The percentage by which a population grows in a year. CBR - CDR = NIR

What is the enviromental lapse rate?

The physical phenomenon where there is a decline in physical measurement as the altitude increases.

What is the greenhouse effect?

The process by which gases hold heat in the atmosphere.

What is glocalization?

The process of modifying an introduced globalized product to accommodate local tastes or cultural practices.

What is the adiabatic lapse rate?

The rate at which specifically atmospheric temperature decreases with increasing altitude

What is purchasing power parity?

The rate of conversion of one country's currency to purchase the same goods.

What is the greater Antilles?

The region of the Carribean that includes Cuba, Jamaica, Haiti, the Dominican Republic, and Puerto Rico. (PHD CJ)

What is the demographic growth of the North American region?

The region's population is rapidly aging and landscapes are being dedicated to retirement lifestyles.

What creates the greatest survival challenge for individuals in North Africa and SW Asia?

The shortage of water and amount of arable land make North African and SW Asia very difficult to live in.

What is the African Diaspora?

The spreading of African people and culture around the world

What is areal integration?

The study of how places interact with one another.

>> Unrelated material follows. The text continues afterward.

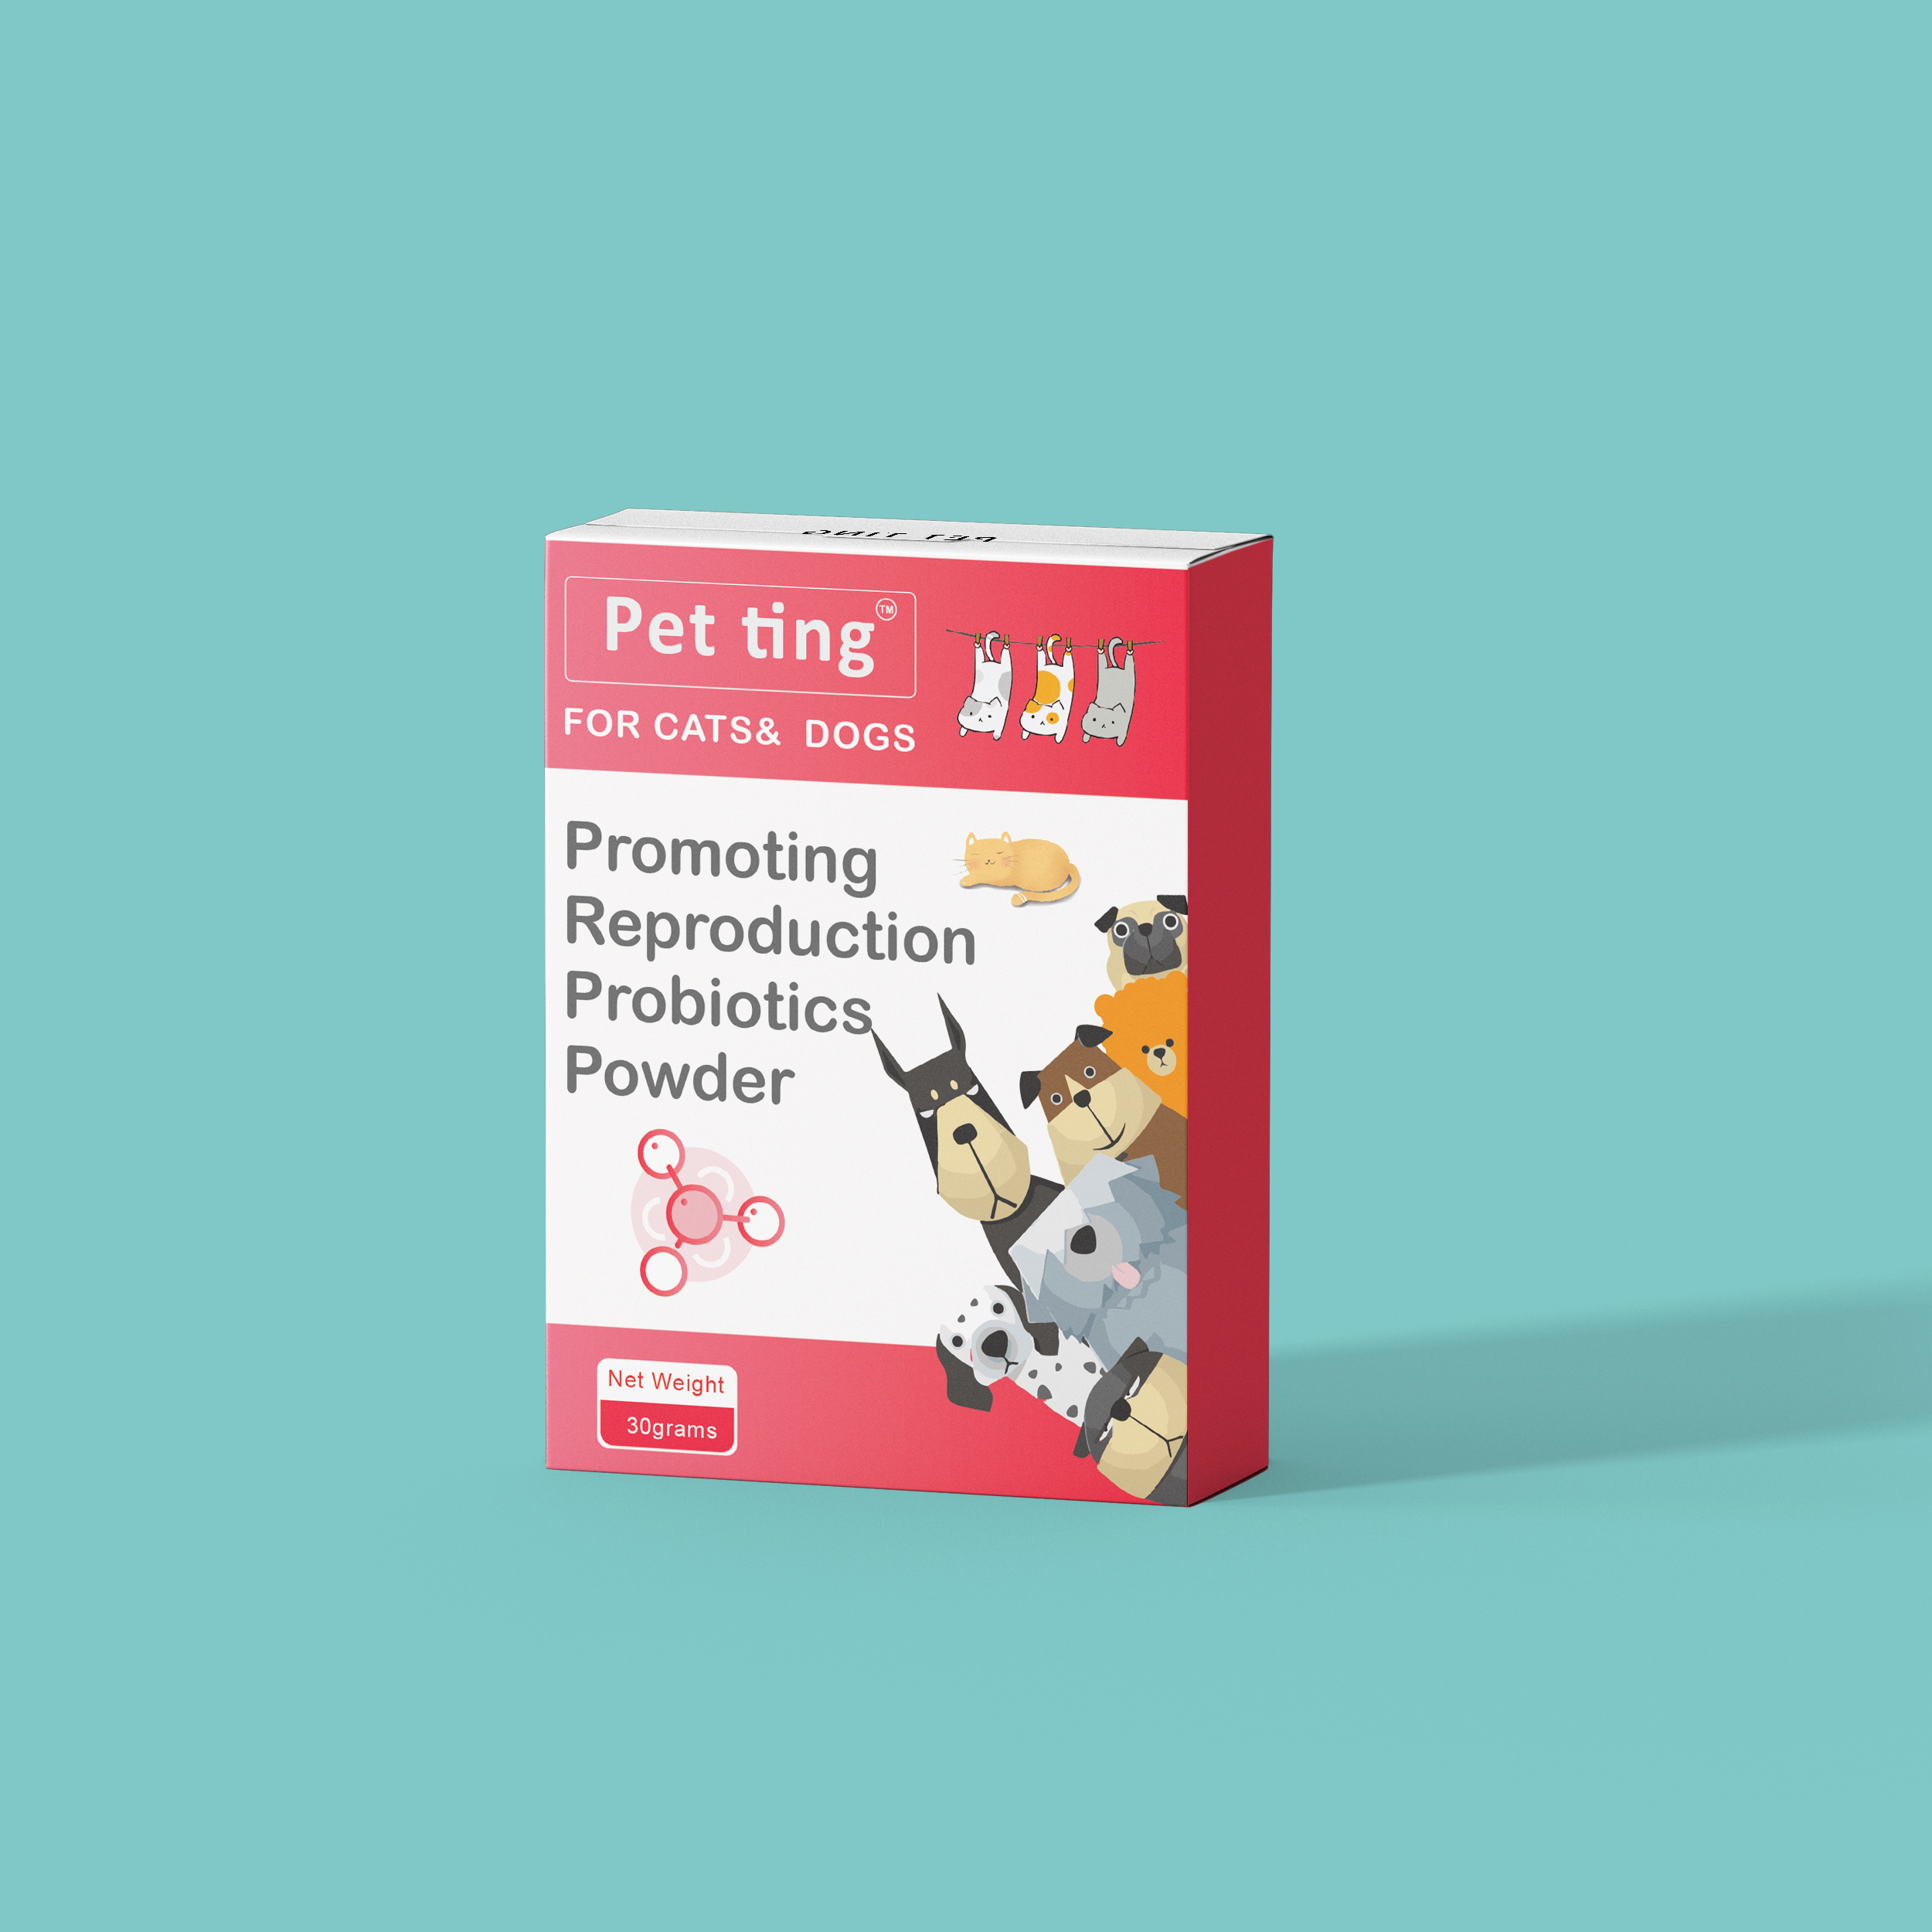 Multistrain gemischtes probiotisches Pulver zur Förderung der Reproduktion für Haustiere

For example, the interconnectedness of the US and Singapore economies.

What is a cultural landscape?

The tangible human expression of human settlement. Shows basic needs and markers of values, attitudes, and symbols.

What is the Green Belt Movement?

aims at organizing women in rural Kenya to plant trees, combat deforestation, restore their main sources of fuel for cooking, generate income, and stop soil erosion.